Discard all signs after the decimal point if you need to select from positive number, written in the format decimal. In this case, it is the separation

Anonymous Number A is 56% less than number B, which is 2.2 times less than number C. What percentage of number C is relative to number A?
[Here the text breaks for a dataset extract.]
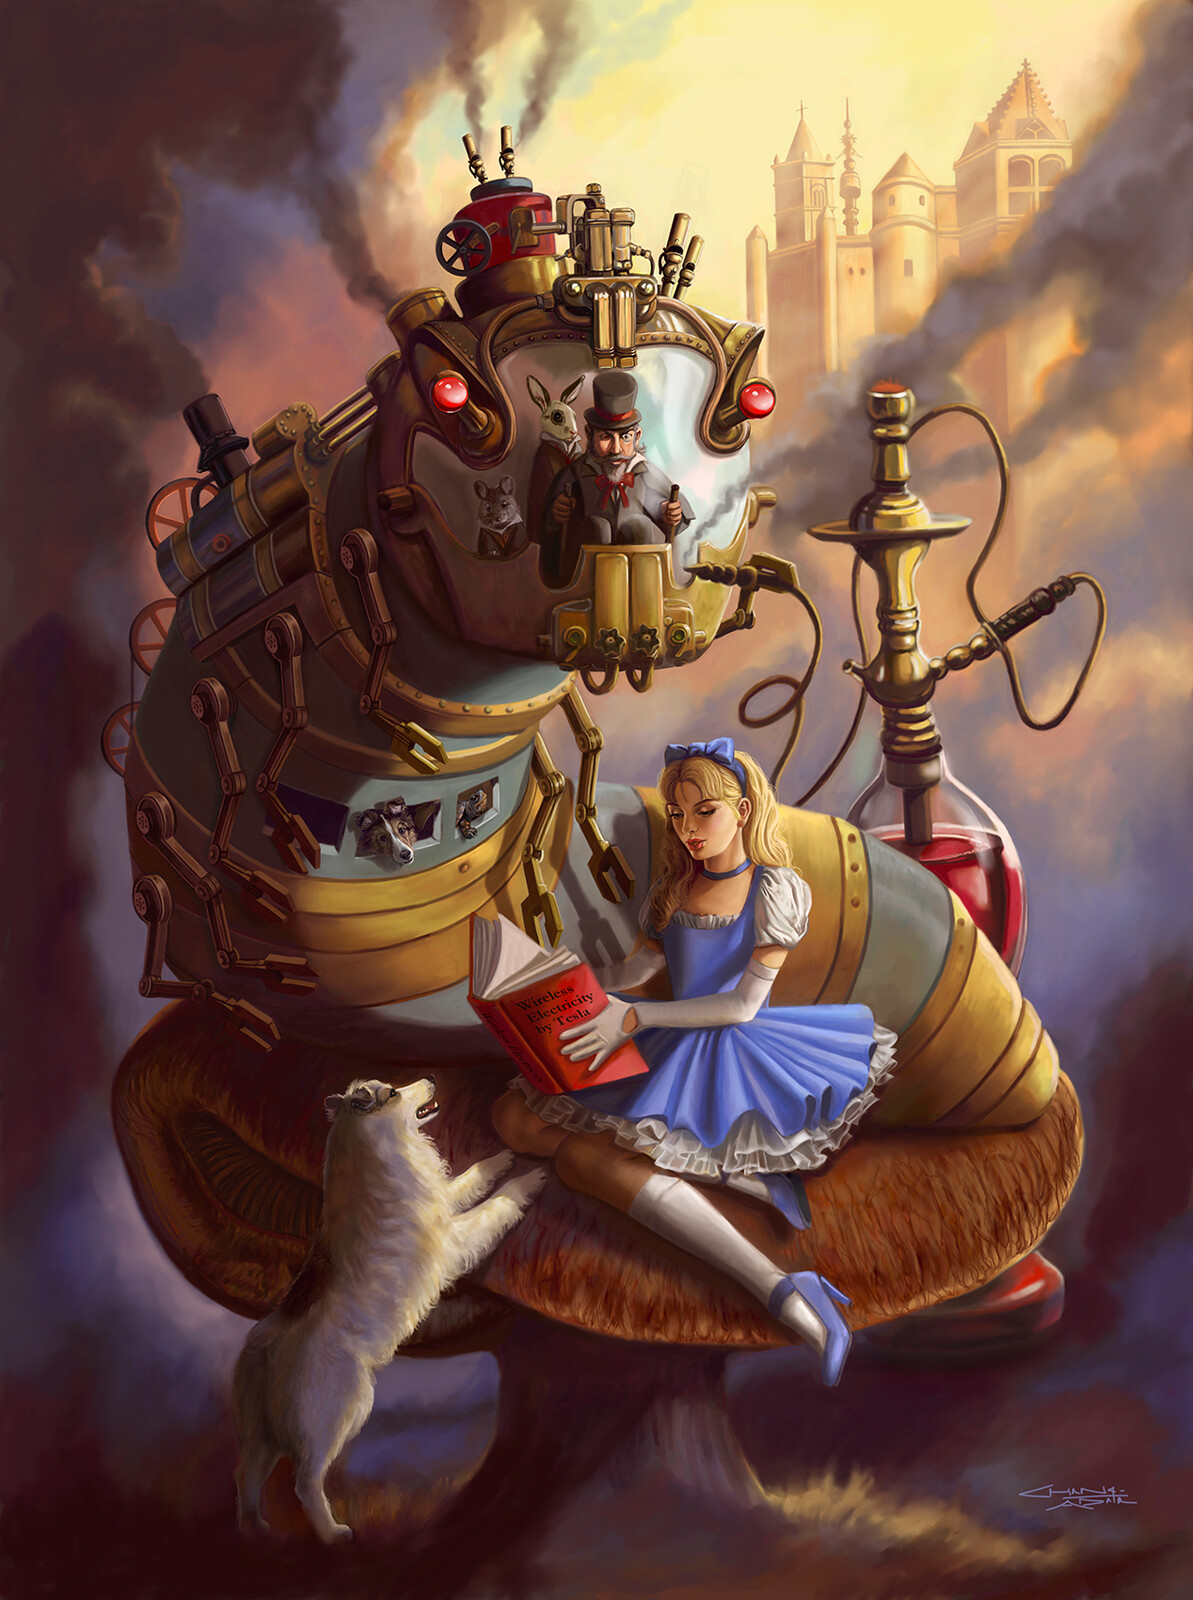 Steampunk Alice in Wonderland

0	10	20	30	40	50	60	70	80	90	100
2	3	4	5	6	7	8	9	10	11	12

Anonymous a - current date b - beginning of the term c - end of the term (a-b) ⋅ 100: (c-b) Anonymous A table and chair together cost 650 rubles. After the table became cheaper by 20%, and the chair became more expensive by 20%, they began to cost 568 rubles together. Find the starting price of the table, start. the price of the chair. NMitra table price - x chair price - y 0.8x + 1.2y = 568 0.8x = 568 - 1.2y x = (568 - 1.2y) : 0.8 = 710 - 1.5y x + y = 650 y = 650 - x y = 650 - (710 - 1.5y) = -60 + 1.5y y - 1.5y = -60 0.5y = 60 y = 120 x = 710 - 1.5 ⋅ 120 = 530 Anonymous Question. There were cars and trucks

35	50%	10	45
16	23%	4,6	20,6
18	26%	5,2	23,2
1	1%	0,2	1,2
70	100%	20	90

. There are 1.15 times more passenger cars. By what percentage are there more passenger cars than trucks?

35	50%	10	45	67,5
16	23%	4,6	20,6	30,9
18	26%	5,2	23,2	34,8
1	1%	0,2	1,2	1,8
70	100%	20	90	135

NMitra By 15%. Kesha Help, please. My head is already swollen... They brought goods for 70,000. The goods are different. 23 species. Of course, their purchase prices vary from 210 rubles. up to 900 rub. Total expenses for transport, etc. = 28,000 rubles. How can I now calculate the cost of these different goods? Quantity 67 pcs. And I want to add 50 percent to them and sell them. How can I then calculate the markup of 50% for each type of product? Thank you in advance. Best regards, KESHA.. The second method is to take the amount of transport and divide by the quantitative amount of goods (in your case 67), that is, 28,000: 67 = 417.91 rubles per product. Here, add 418 (417.91) to the cost of the goods (there are many nuances here that can be take into account, but in general it looks like this).